Cofactor requirement of HpyAV restriction endonuclease

Abstract

Background: Helicobacter pylori is the etiologic agent of common gastritis and a risk factor for gastric cancer. It is also one of the richest sources of Type II restriction-modification (R-M) systems in microorganisms.

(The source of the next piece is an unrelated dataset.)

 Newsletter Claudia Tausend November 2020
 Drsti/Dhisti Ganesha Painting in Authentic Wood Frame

Principal findings: We have cloned, expressed and purified a new restriction endonuclease HpyAV from H. pylori strain 26695. We determined the HpyAV DNA recognition sequence and cleavage site as CCTTC 6/5. In addition, we found that HpyAV has a unique metal ion requirement: its cleavage activity is higher with transition metal ions than in Mg(++). The special metal ion requirement of HpyAV can be attributed to the presence of a HNH catalytic site similar to ColE9 nuclease instead of the canonical PD-X-D/EXK catalytic site found in many other REases. Site-directed mutagenesis was carried out to verify the catalytic residues of HpyAV. Mutation of the conserved metal-binding Asn311 and His320 to alanine eliminated cleavage activity. HpyAV variant H295A displayed approximately 1% of wt activity.

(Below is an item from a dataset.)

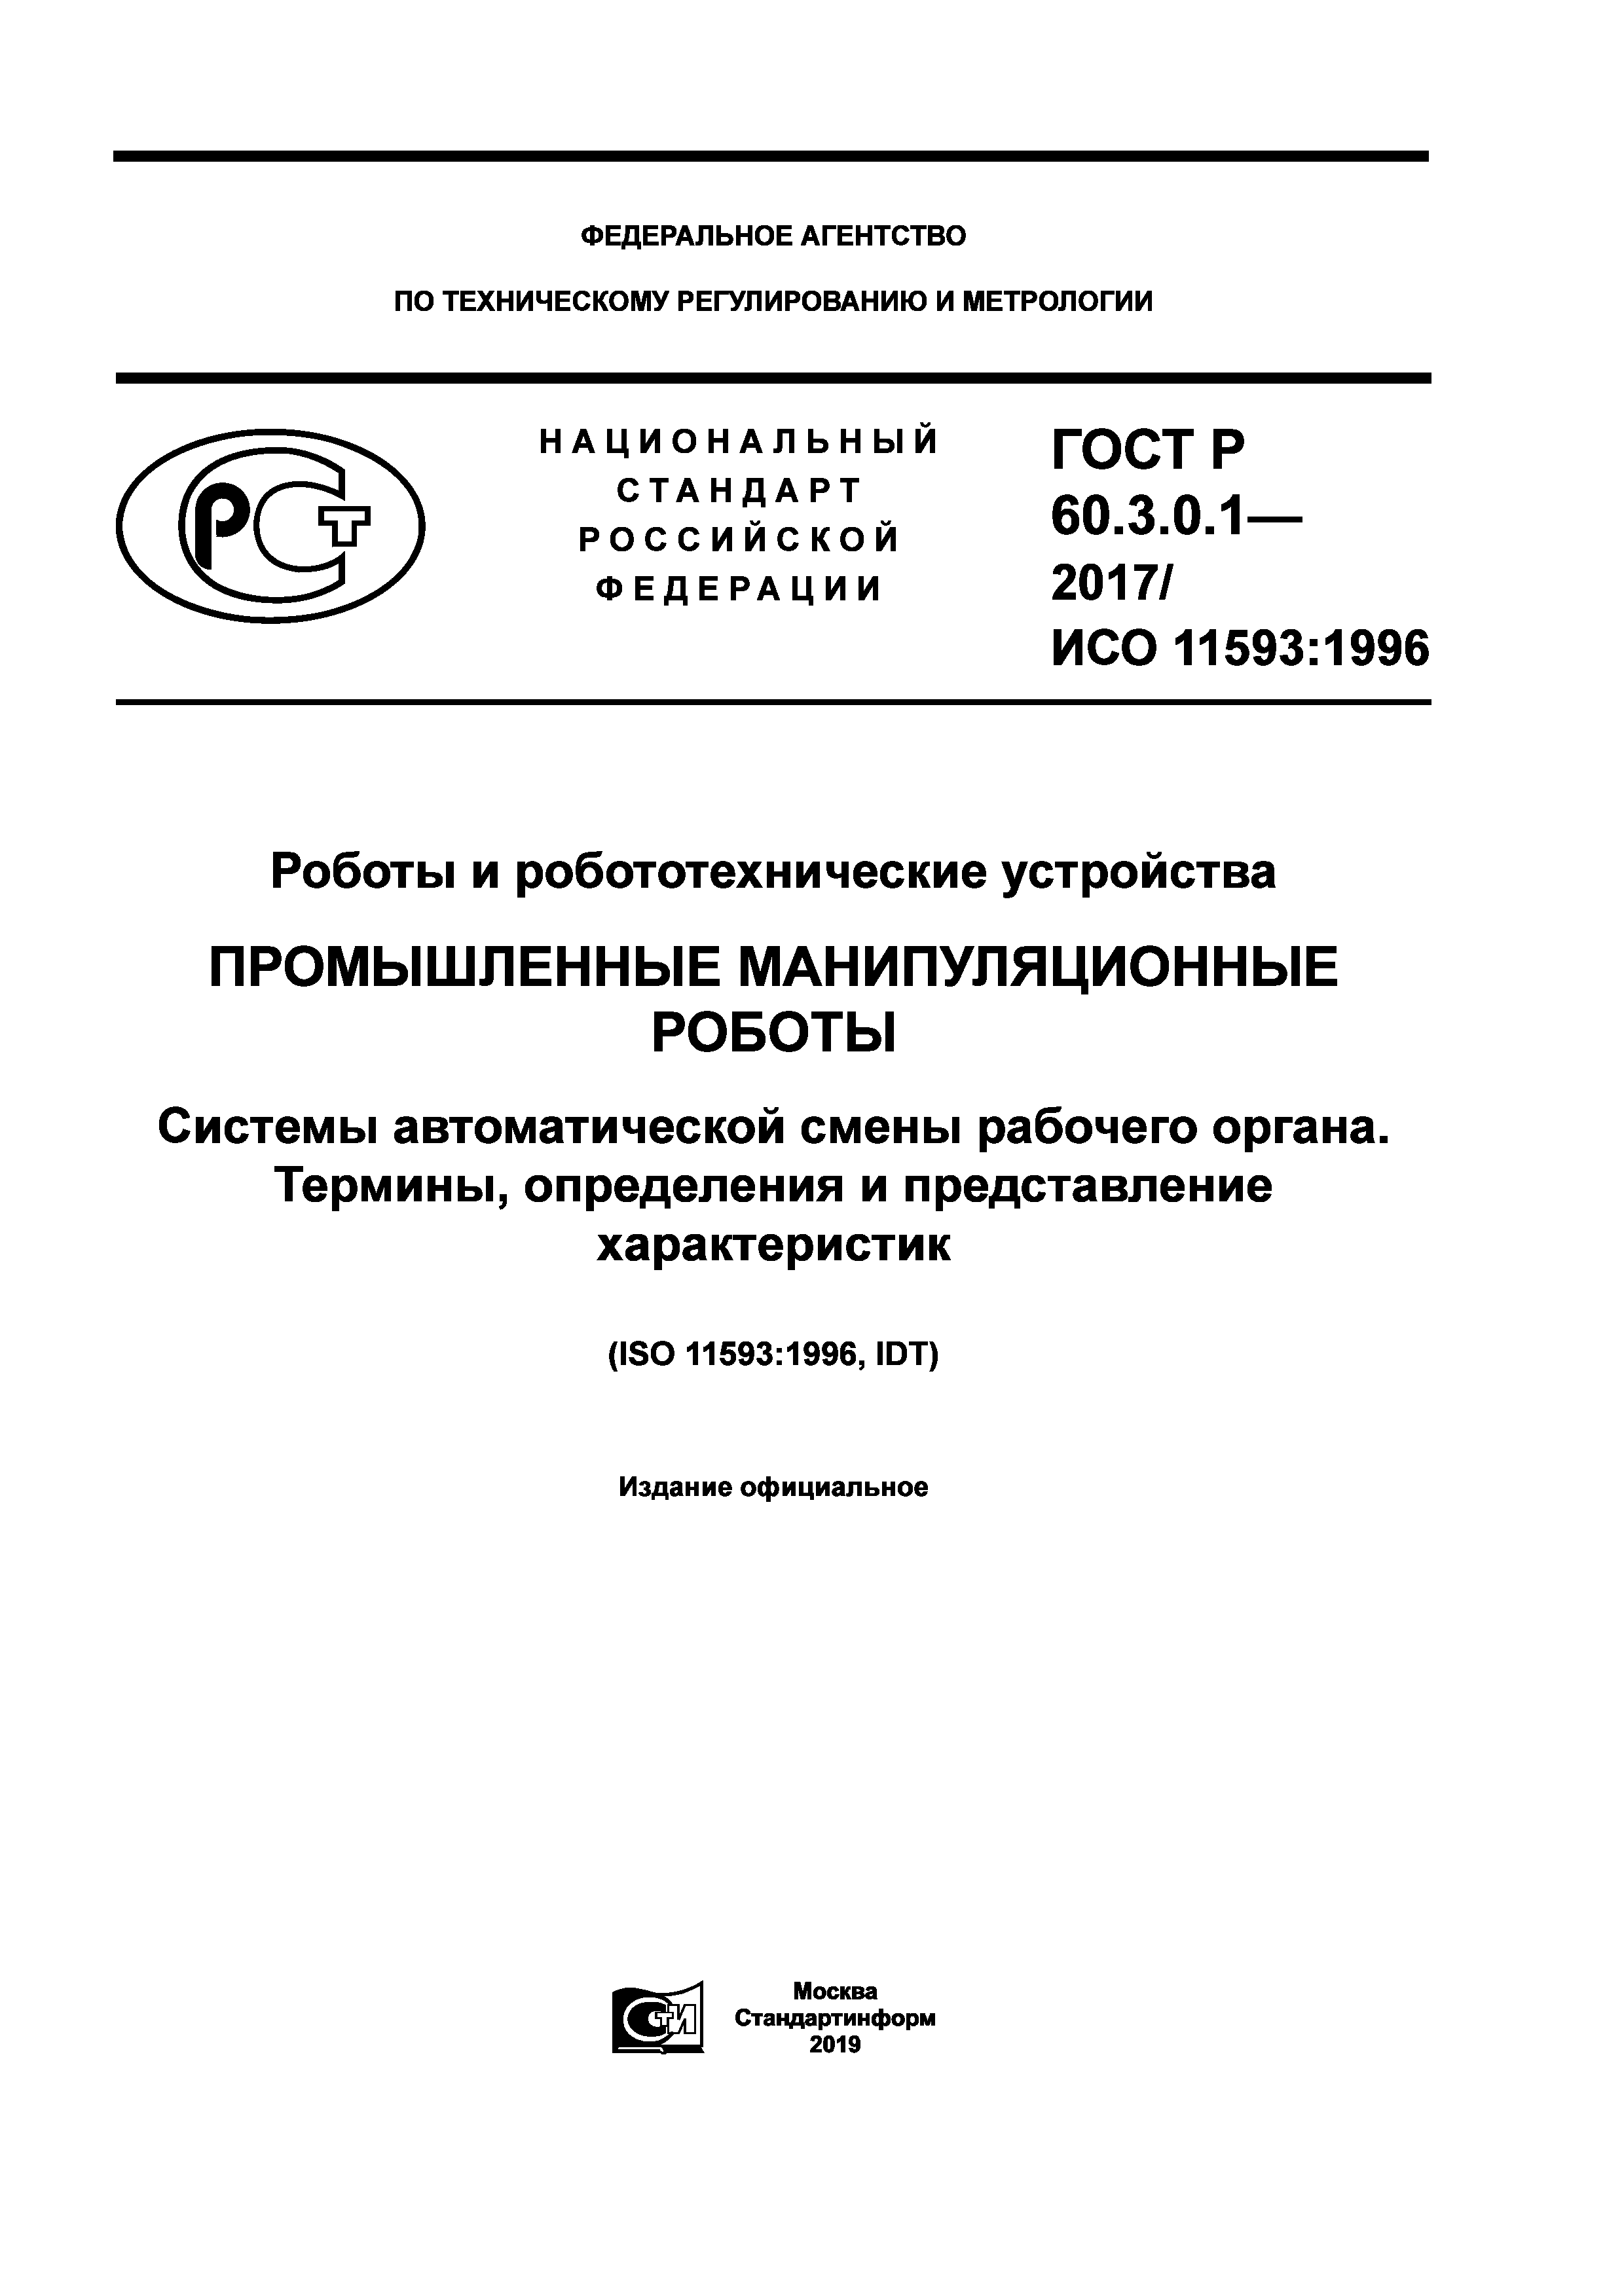 ГОСТ Р 60.3.0.1-2017

Conclusions/significance: Some HNH-type endonucleases have unique metal ion cofactor requirement for optimal activities. Homology modeling and site-directed mutagenesis confirmed that HpyAV is a member of the HNH nuclease family. The identification of catalytic residues in HpyAV paved the way for further engineering of the metal binding site. A survey of sequenced microbial genomes uncovered 10 putative R-M systems that show high sequence similarity to the HpyAV system, suggesting lateral transfer of a prototypic HpyAV-like R-M system among these microorganisms.

Figure 1. Gene organization of the HpyAV/Hin4II R-M systems and the structural model of the HpyAV catalytic site.

A. Organization of the HpyAV and Hin4II R-M systems. The Hin4II R-M system consists of separate M1 and M2 genes for C5 cytosine (dark grey) and N6 adenine (light grey) methylation, respectively, preceding the ORF of Hin4II . M.HpyAV is a fusion of C5 and N6A MTase domains with high sequence similarity to M1.Hin4II and M2.Hin4II, respectively. B. The structural model of HpyAV catalytic site and structural alignment to HNH endonucleases. Modeling of amino acid residues 281 to 360 of HpyAV to the ββα-Me motif of ColE9 and the structural alignment to ColE9, I-HmuI, Hpy99I and KpnI were done as described in Materials and Methods. The blue dots underneath the alignment indicate metal-binding residues; the red dots indicate the general base His and the green dot indicates the Asn implied to decrease the pKa of the general base His in ColE9 and I-HmuI. Amino acid residues that are assigned to β-strands and the helix of the ββα-Me motif are indicated by red arrows and blue rods, respectively. The conserved residues implicated in catalysis are colored in black or grey.

Figure 2. HpyAV endonuclease activity in buffers with various divalent cations.

A. Cleavage activity of HpyAV in MgSO₄ and NiSO₄. Decreasing concentrations of HpyAV were added to reactions containing 1 µg of λ DNA, 20 mM Tris-HCl, pH 7.9, 200 mM NaCl supplemented with 2 mM of NiSO₄, 4 mM of MgSO₄, 2 mM of NiSO₄ and 4 mM of MgSO₄ or no divalent metal ions. The reactions were carried out as described in Materials and Methods. The reactions that exhibit 1 U of HpyAV activity (complete cleavage) are marked with a dot. B. DNA cleavage activity of HpyAV in buffers supplemented with the indicated concentration of metal ion solutions. Eight units of HpyAV were incubated with 1 µg of λ DNA in 20 mM Tris-HCl, 200 mM NaCl as described in Materials and Methods.

Figure 3. DNA cleavage activity of the catalytic residue mutants.

Purified protein of WT, H294D, H295A and H320A were assayed as described in Materials and Methods in the presence of 2 mM NiSO₄. Five μl of undiluted, three-fold and nine-fold dilutions of 1.5 mg/ml of enzyme solution were assayed on 1 µg of λ DNA.

Figure 4. DNA cleavage activity of KpnI and EcoRI in the presence of different metal ions.

Ten units of KpnI or EcoRI were incubated with 1 µg of pXba or λ DNA, respectively, as described in Materials and Methods.